The jury had heard that Mark Wright, an emergency medical technician, had arrived at the scene in Buckley at 10.34pm that night to the sound of “shouting and screaming” from onlookers with one crew of medics already there.

There were “desperate” attempts to stem the bleeding as chest compressions were carried out. Mr Wilkinson was taken to Wrexham Maelor Hospital’s A&E department. But the patient succumbed to his injuries and he was pronounced dead there at 11.43pm that night.

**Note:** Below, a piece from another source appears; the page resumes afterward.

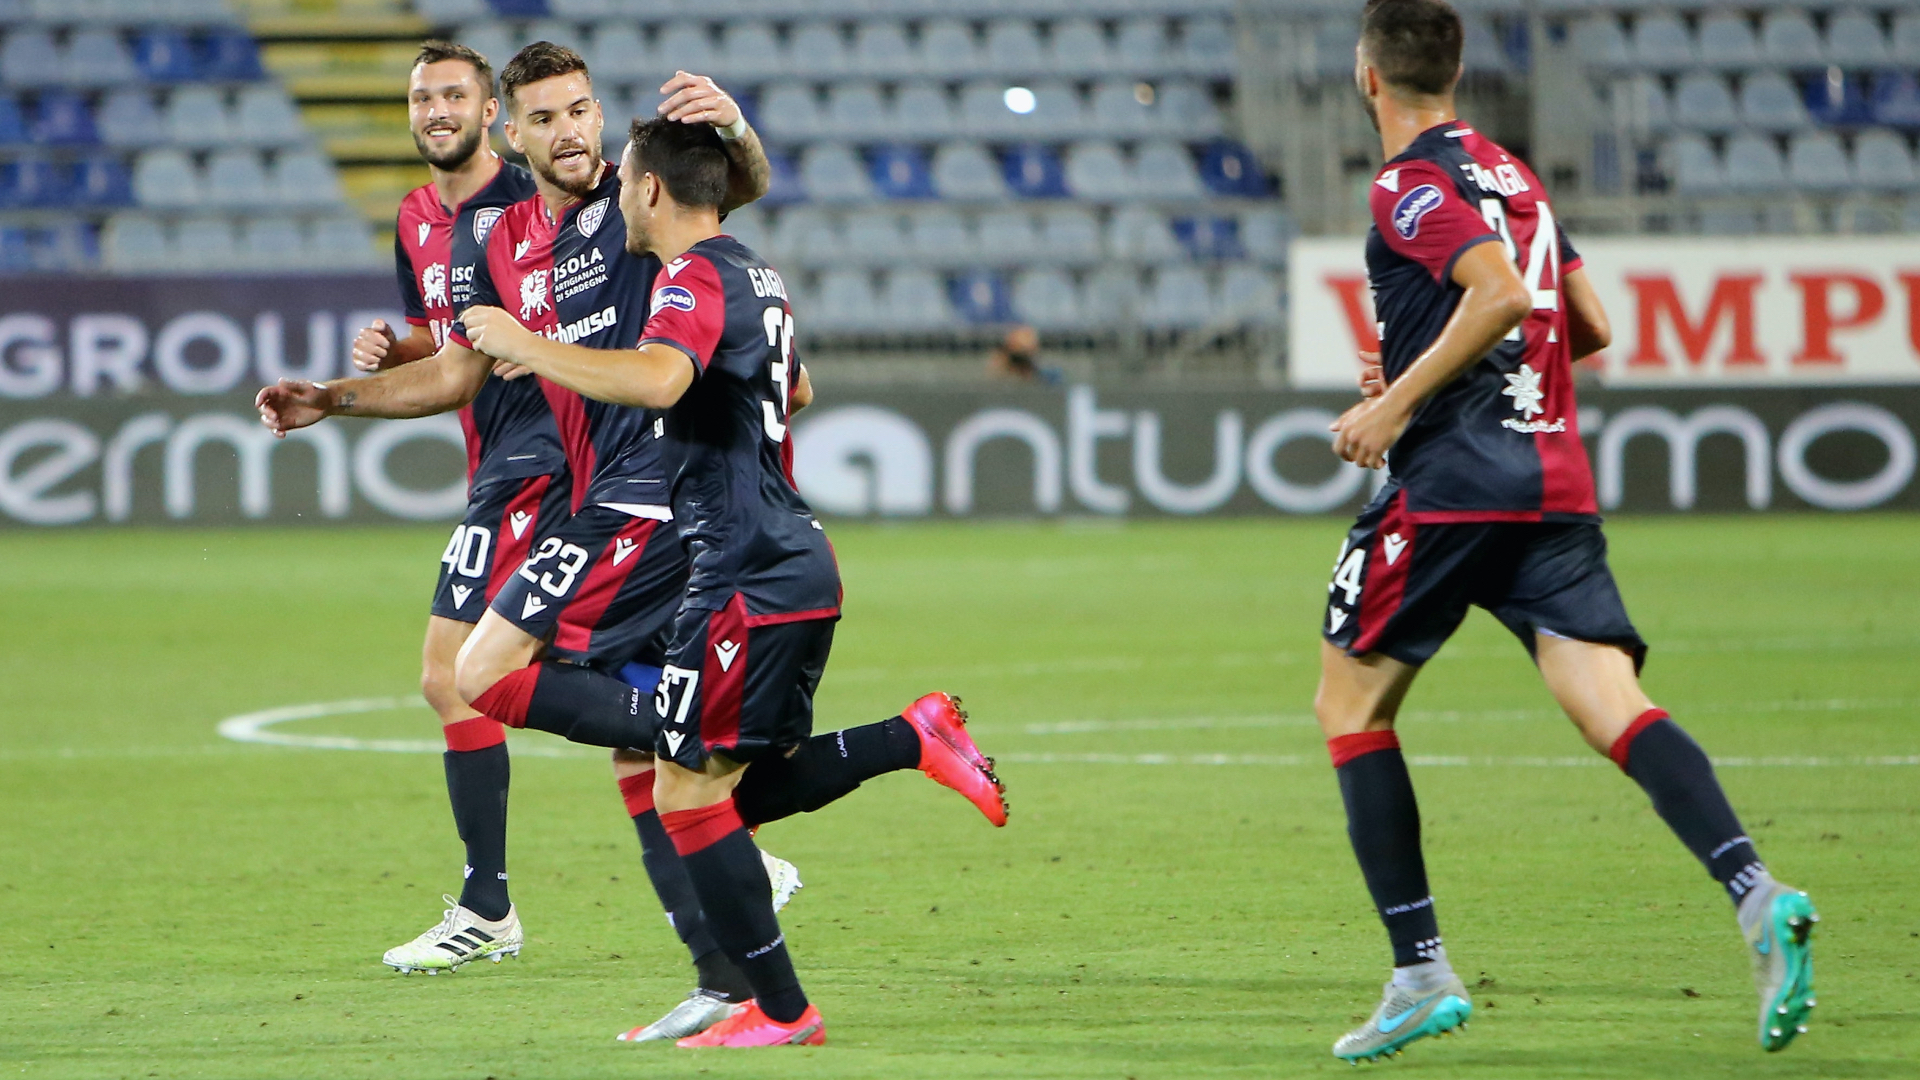 Cagliari - Juventus 2-0, déjà championne, la Juve chute à Cagliari

During the trial witness Jess Wilkinson – the victim’s sister, who was seeing Mitchell – said that after the window had been smashed at Mitchell’s mother’s home he had left and she had hid in a bedroom. Later she heard the front door bang loudly and the sound of metal on metal, which a jury heard was Mitchell dropping the knife into a sink downstairs.

She said Mitchell’s mum asked the defendant: “What have you done?” and Mitchell came up to the bedroom “shaking and looking as if he had just seen a ghost”. He told Miss Wilkinson he had stabbed her brother.

The defence case was that Mitchell had been awoken by Ms Wilkinson to hear his mum “panicking and distressed” after a rock came through the window. She said she had been called a “grass”. Mitchell claimed he picked up the kitchen knife and took it with him in case the rock throwers were armed. He had it in his tracksuit trousers but took it out as it made running easier as he searched for the culprits, he said. The person responsible for breaking the window has been dealt with by the court and there is no suggestion Mr Wilkinson knew anything about it. Mitchell, of Lexham Green Close, Buckley, will be sentenced on Thursday, May 4.